At the same time as SPLA joined several groups in the fight against the government in Khartoum, from the early 1990s there was internal conflict in SPLA, with division into two factions in 1991. The split took place along ethnic lines, where SPLA, led by Garang, stood strongest among the Dinkas, the outlaws, led by Riek Machar, secured support among the Nubians. In the same year, the SPLA was weakened by the collapse of Ethiopia’s military junta. The insurgents in Sudan were supported by Ethiopia, while Sudan supported the Eritrean liberation movement that fought against Ethiopia. The SPLA was weakened until 1997, when the movement again strengthened its military position. Further divisions took place in the 1990s, and some opposition groups, including the South Sudan Independence Movement(SSIM), signed separate peace agreements with the government in 1997.

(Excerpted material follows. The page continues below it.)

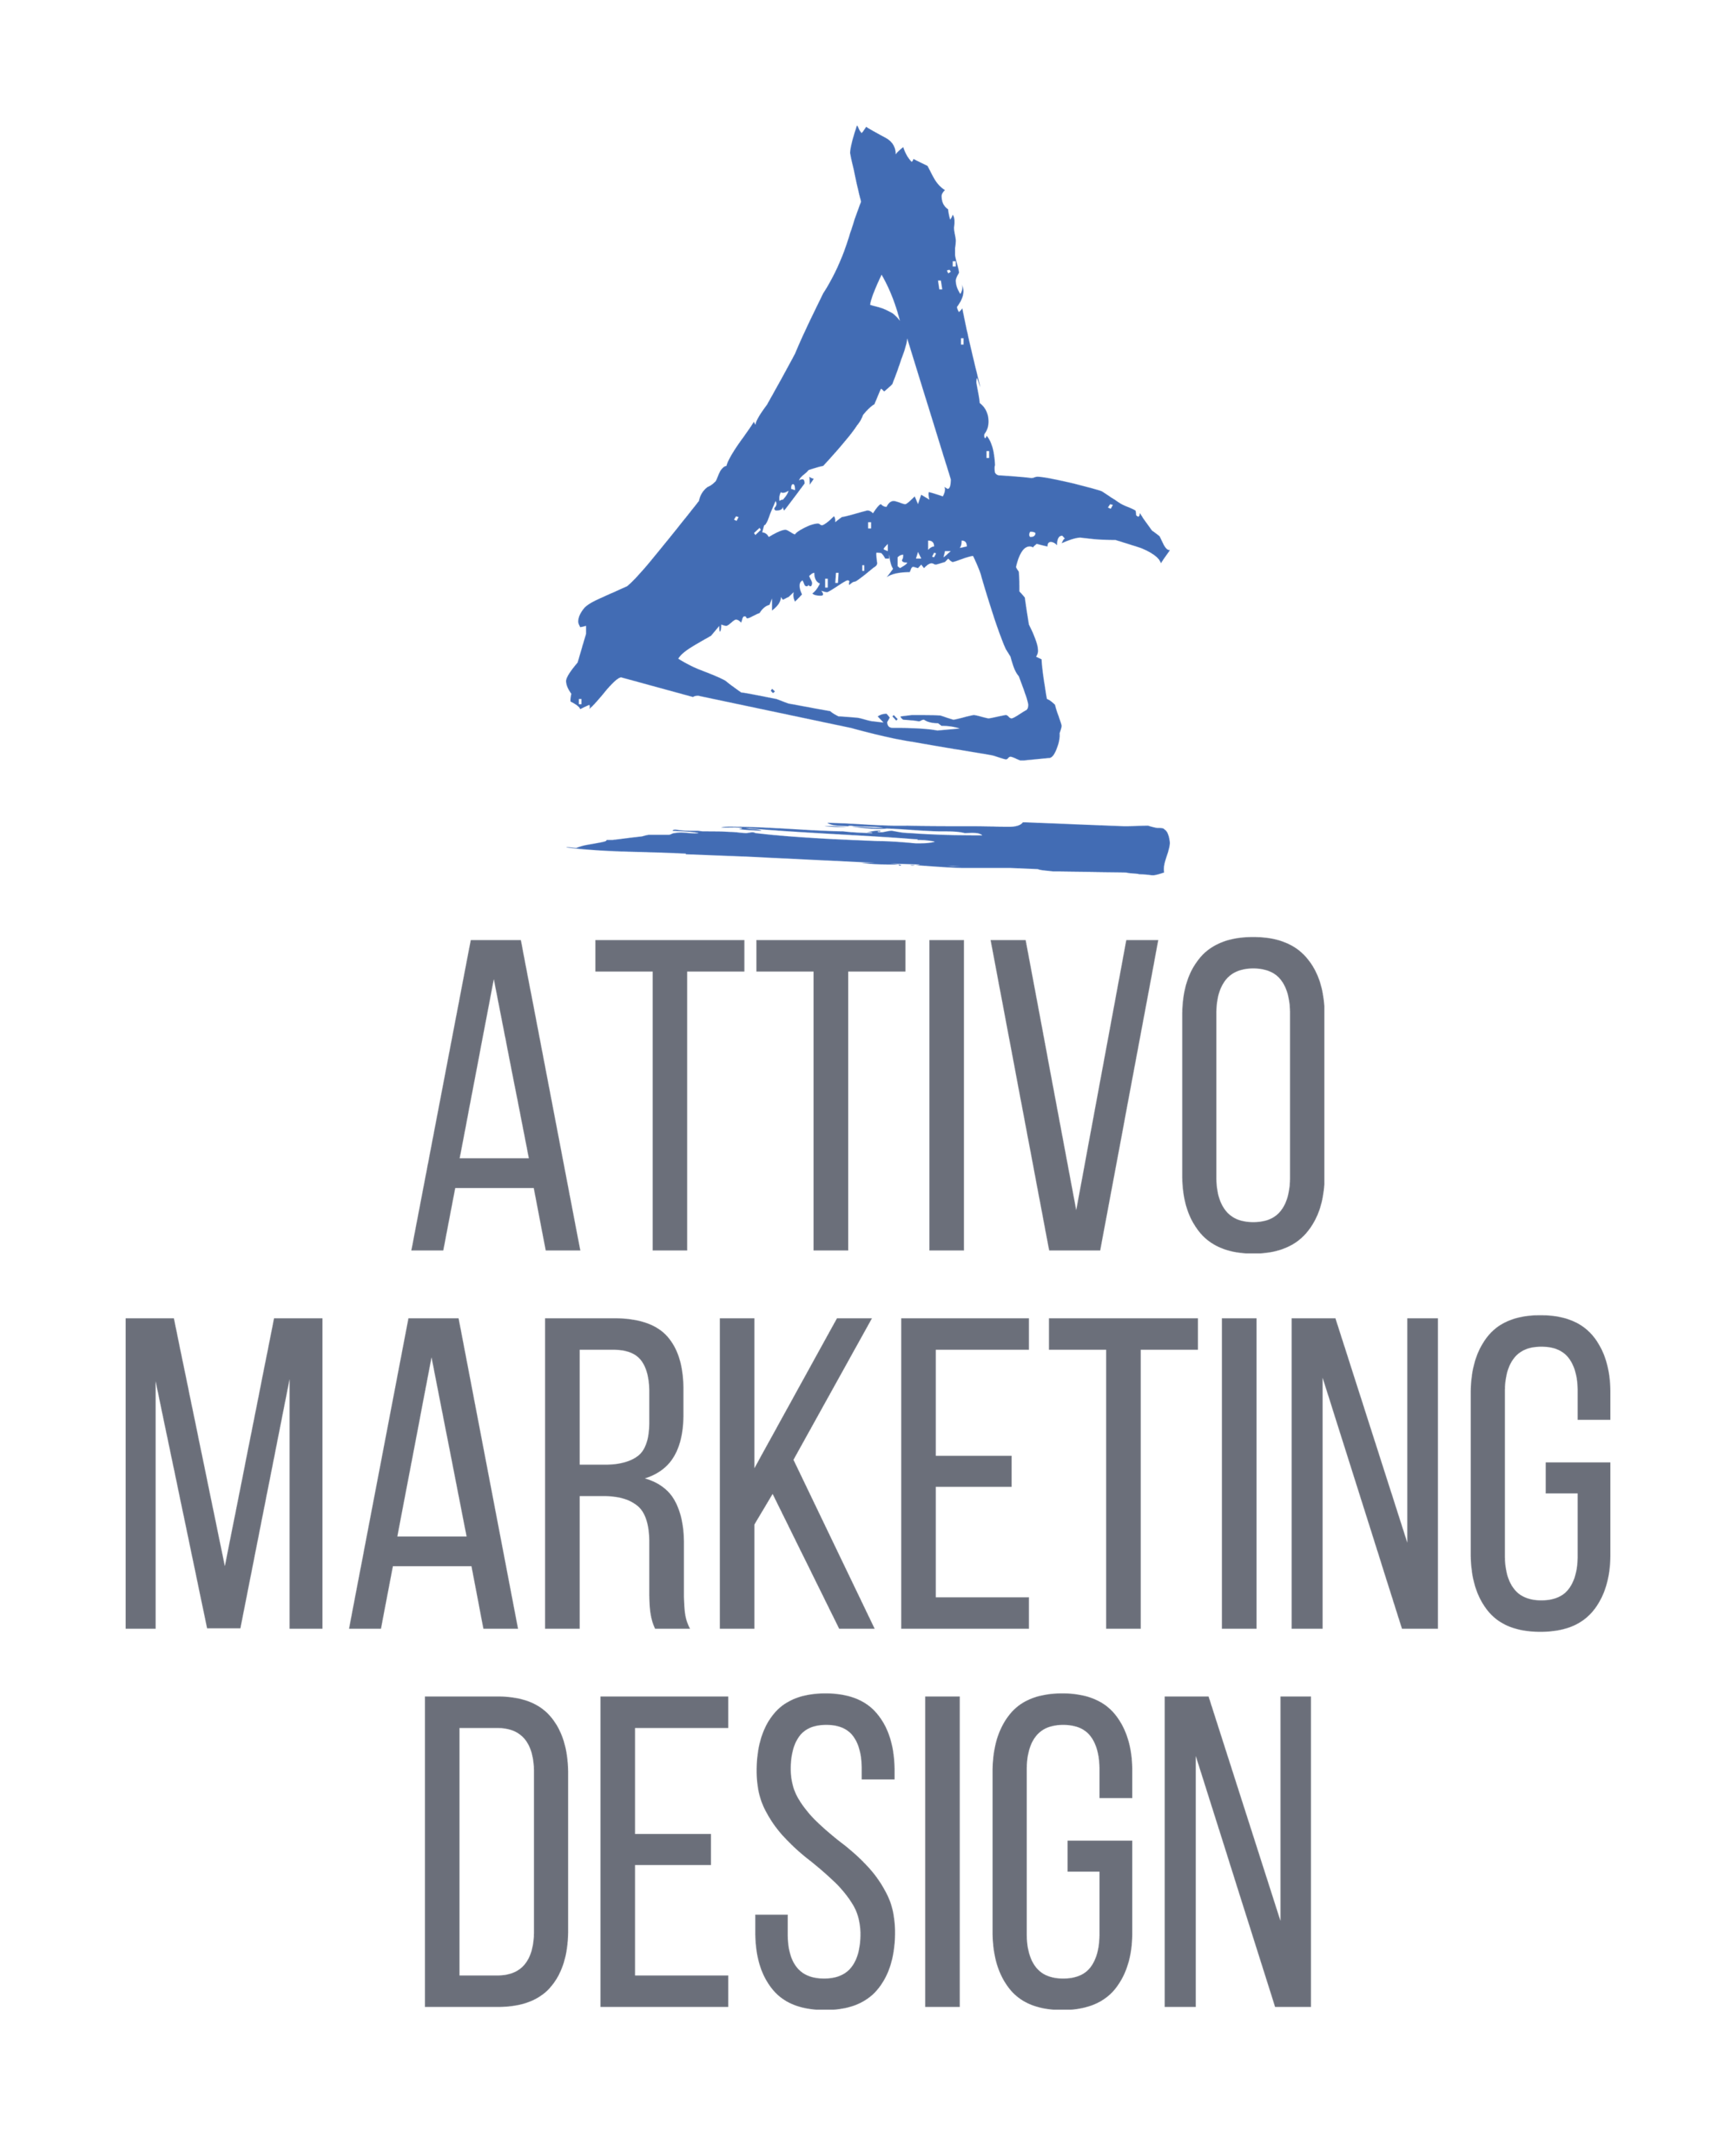 Attivo Marketing Design

The war in South Sudan was the worst of Africa’s conflicts in the 1980s and 1990s. Both parties were accused of being responsible for gross human rights violations, and both the government and the SPLA are accused of forcibly recruiting soldiers, including children. The war also contributed to hunger disasters in the south of the country, which has been a further cause of approximately 4.5 million people being internally displaced in the late 1990s; a further one million fled to neighboring countries. It is estimated that around two million people lost their lives as a result of the war, which required large-scale humanitarian efforts. This was largely prevented by the Sudanese government, and assistance to South Sudan had to be mainly taken from Kenya.